ONE MAN SHOW
Dans un théâtre de Hollywood
j’ai assisté au one man show de mon pote Mike
Il ne boit plus depuis des années
et son génie de la sitcom lui a valu un Emmy
Hier soir
sa rage contre la vie
l’amertume d’un amour
et d’une paternité
ratés
ont calciné une soixantaine de spectateurs
muets comme la mort
pendant soixante-quinze putains de minutes
de malaise
foutrement pas drôle
En partant comme un con par le mauvais couloir
je me suis retrouvé coincé dans la loge de Mike
lambrissée de formica
sous une unique néon
Mike a désespérément besoin de compliments
sur son solo de divagations
et je ne sais pas ce qui me prend de lui dire la vérité
« Ça ne m’a pas fait rire
ça m’a rendu triste ― je suis désolé »
Et voilà mon Mike
sa gueule ravagée
de cinquante balais
instantanément dégonflée
décomposée
Le voilà réduit au silence
Six secondes plus tard je suis dans le couloir
qui mène au parking
en me disant
bien joué ducon
― dans ta vie à
rallonge d’hurluberlu de débile de mufle
quand comptes-tu apprendre à ne pas dire aux gens
ce que tu penses
et à faire le nécessaire pour ne pas perdre tes amis ?
Une dose d’hypocrisie et une bonne pipe
rien de tel pour envoyer un mec au paradis
à
Los Angeles
Un chat mort puant et pourri
emmuré derrière ton lit
là voilà la vérité
― un conte de fées
d’une pénible
vanité
Dan Fante (b. 1944)
Bons
baisers de la grosse barmaid, poèmes d’extase et d’alcool (2008)
traduction de l’anglais de Patrice Carrer, 13e Note
Éditions.
Le papa a l'air plus puissant que le fiston... du moins pour le souvenir que j'en ai.
RépondreSupprimerje note d'aller vérifier.
merci :-) !
La production de Dan Fante est assez inégale, mais c'est un de ces cabossés attachants.

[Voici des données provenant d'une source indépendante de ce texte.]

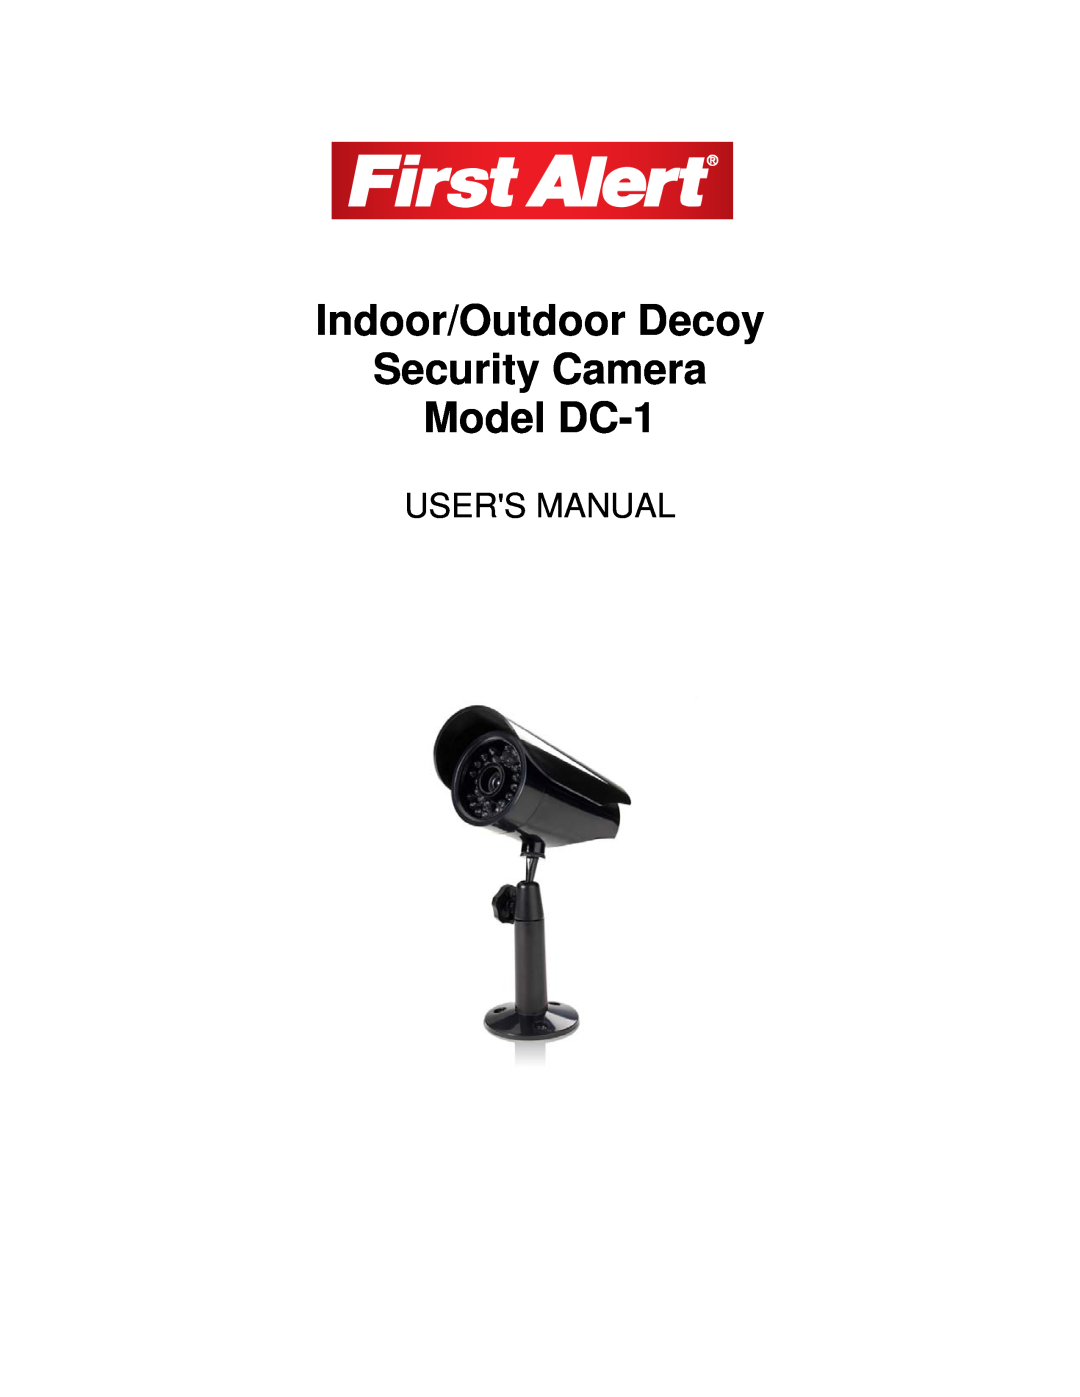 First Alert user manual Indoor/Outdoor Decoy Security Camera Model DC-1, Users Manual 
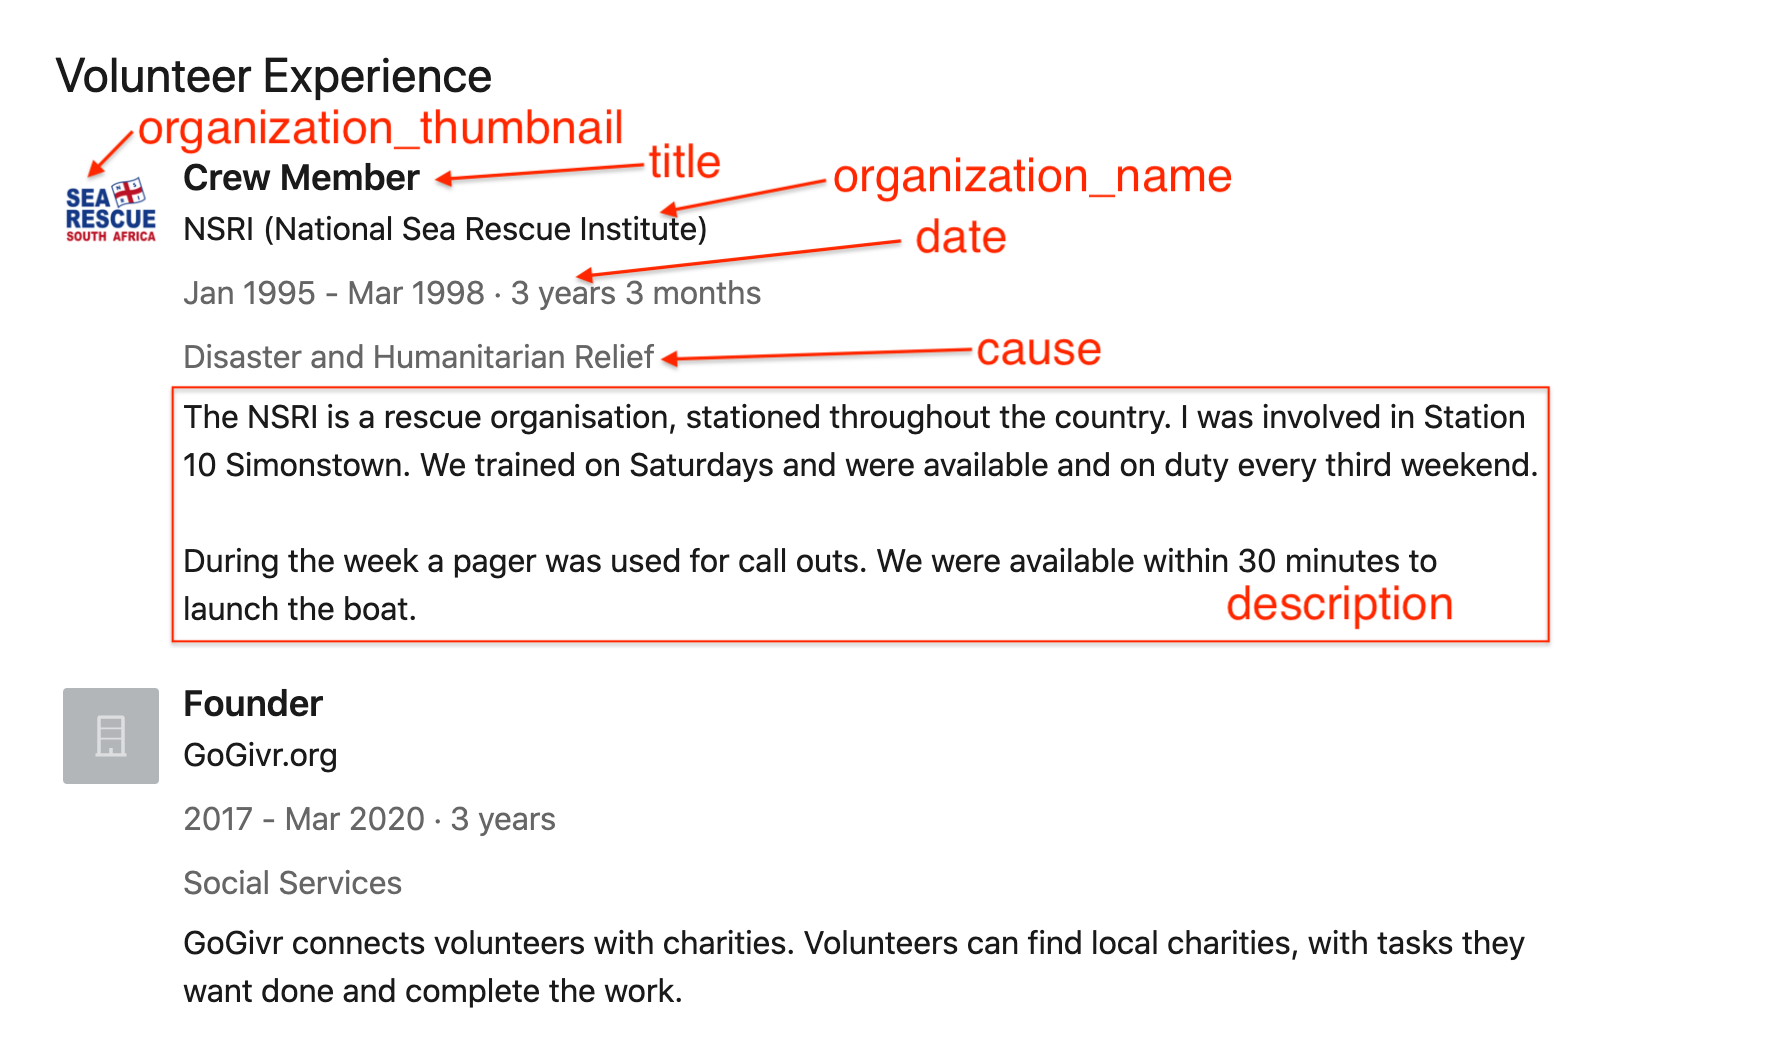 Volunteer experience for ID="flyingmogul"

Si mes souvenirs sont bons, j'avais beaucoup aimé "En crachant du haut des buildings" (un roman fortement autobiographique comme tous ses livres). Il a écrit aussi un texte intéressant sur le grand John son père, au titre éloquent : "Dommages collatéraux".
RépondreSupprimerJe note, je note... Merci !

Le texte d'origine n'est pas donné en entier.